In the optimal solution, books in all libraries must be sorted descending with respect to their scores. That’s easy to get and polynomial.
The set of libraries matters because we are given the budget $D$ . This is exponential of the number of the libraries
The choice of the books in the chosen libraries matters. For the books that are inside multiple libraries, it is sometimes crucial which library (or maybe not a single one) to choose to ship this book.
The order of the libraries significantly matters. If you decide to push some library first with the install time $T_i$ , all other libraries have at most $D - T_i$ days to ship books.

Some good observations that always help for such kind of problems

They are easily simulated — given the answer, you can calculate the exact score — that’s the first you should do in such research problems. It helps you to check thousands of different hypotheses.
Freedoms are good to have some basic solutions. For example, I did not know how to optimize the books choices, I used the following technique: if there are multiple libraries for a book, choose one who has the biggest capacity for now. Overall, does not matter much which strategy, just try something reasonable and try different “reasonable” things to get fast and pretty sustainable results. This helped me to reduce the problem to just picking up a set and to start hacking.

But in order to start the actual hacking, some prerequisites.

Linear programming

This is a very sophisticated and interesting science about linear inequalities. Basically, you have a linear functional to maximize and a numerous of linear constraints to satisfy. One of the canonical forms looks like:

$\text{Maximize}\ \mathbf{c}^\mathrm{T} \mathbf{x}\ \text{subject to} A \mathbf{x} \leq \mathbf{b}\ \text{and}\ \mathbf{x} \ge \mathbf{0}$ where $x$ represents the vector of variables (to be determined), $c$ and $b$ are vectors of (known) coefficients, $A$ is a (known) matrix of coefficients, and ${\ (\cdot )^{\mathrm {T} }}$ is the matrix transpose.

This is not the form you should stick to, for example the positivity property of the vector is not needed or can be additionally added (because any number can be represented as the difference between two positive ones). You can have any kind of inequalities ( $<, >, =$ ). The only requirement — the relations must be linear.

Why is this important? The answer is that the all feasible solutions represent a convex polytope, matrix theory is also widely known and many optimization problems can be formulated in the form of some linear programs. The first and the second help to have many algorithms to solve as this area is widely known from many perspectives (maths and computer science), the last helps to solve many problems in a generalized way. You can assume that the “real world” solvers can solve linear programs with around $5 \cdot 10^5$ variables and conditions. Or at least they can find some solutions that are quite good.
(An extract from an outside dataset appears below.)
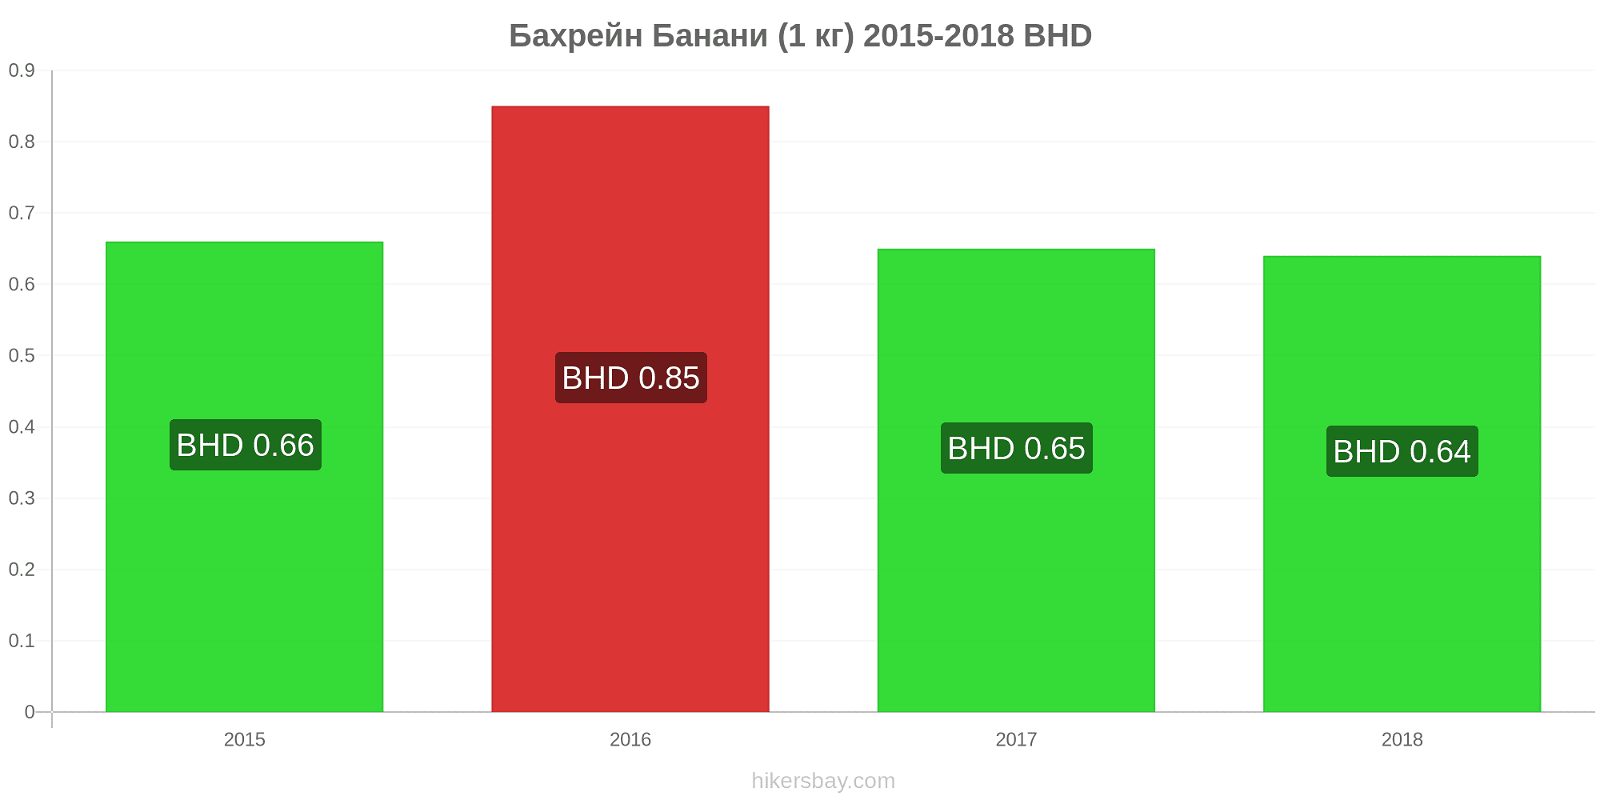 Бахрейн зміни цін Банани (1 кг) hikersbay.com

We will talk about solvers a bit later.

Integer linear programming

The same as linear program but the solution vector $x$ must be an integer vector. Often there are constraints on the vector $x$ to be a $\{0, 1\}^n$ vector which sometimes makes the problem much better. Solvers are less happy about the integer programming — it is NP-complete partially because MAX-3SAT can be reduced (try to do it on your own, it is not difficult, or you can look up the idea here and finish it by yourself).

This area is less known and harder to optimize in the end. This happens because it is really hard to use methods from simple linear programs because the feasible solutions are extremely spare and proving that some solution is optimal is hard (and, of course, it is NP-complete which is one of the main reasons for a such complexity). Modern solvers can solve “real world” integer linear programs for around $10^4$ variables. For more only luck and the variety of the solvers can help. Though, you can do something good even with that big amount of variables about which we will talk a bit later.

NP-completeness and hardness. P != NP

I hope most of my readers are familiar with these words. If not, google and read about this, right now, this is one of the most important things in the computer science overall.

A bit of philosophical reasoning. When people start programming, they express their thoughts inside the code to do something with the computer — to show some text, window, to compute some big expressions. Then, while educating, the problems become harder but still solvable. In many minds of the true beginners there sometimes can be a thought that computer can solve any practical problem (or at least, most of them). And then comes this monster, called NP-complete problems. This is a story about what the programmers cannot do.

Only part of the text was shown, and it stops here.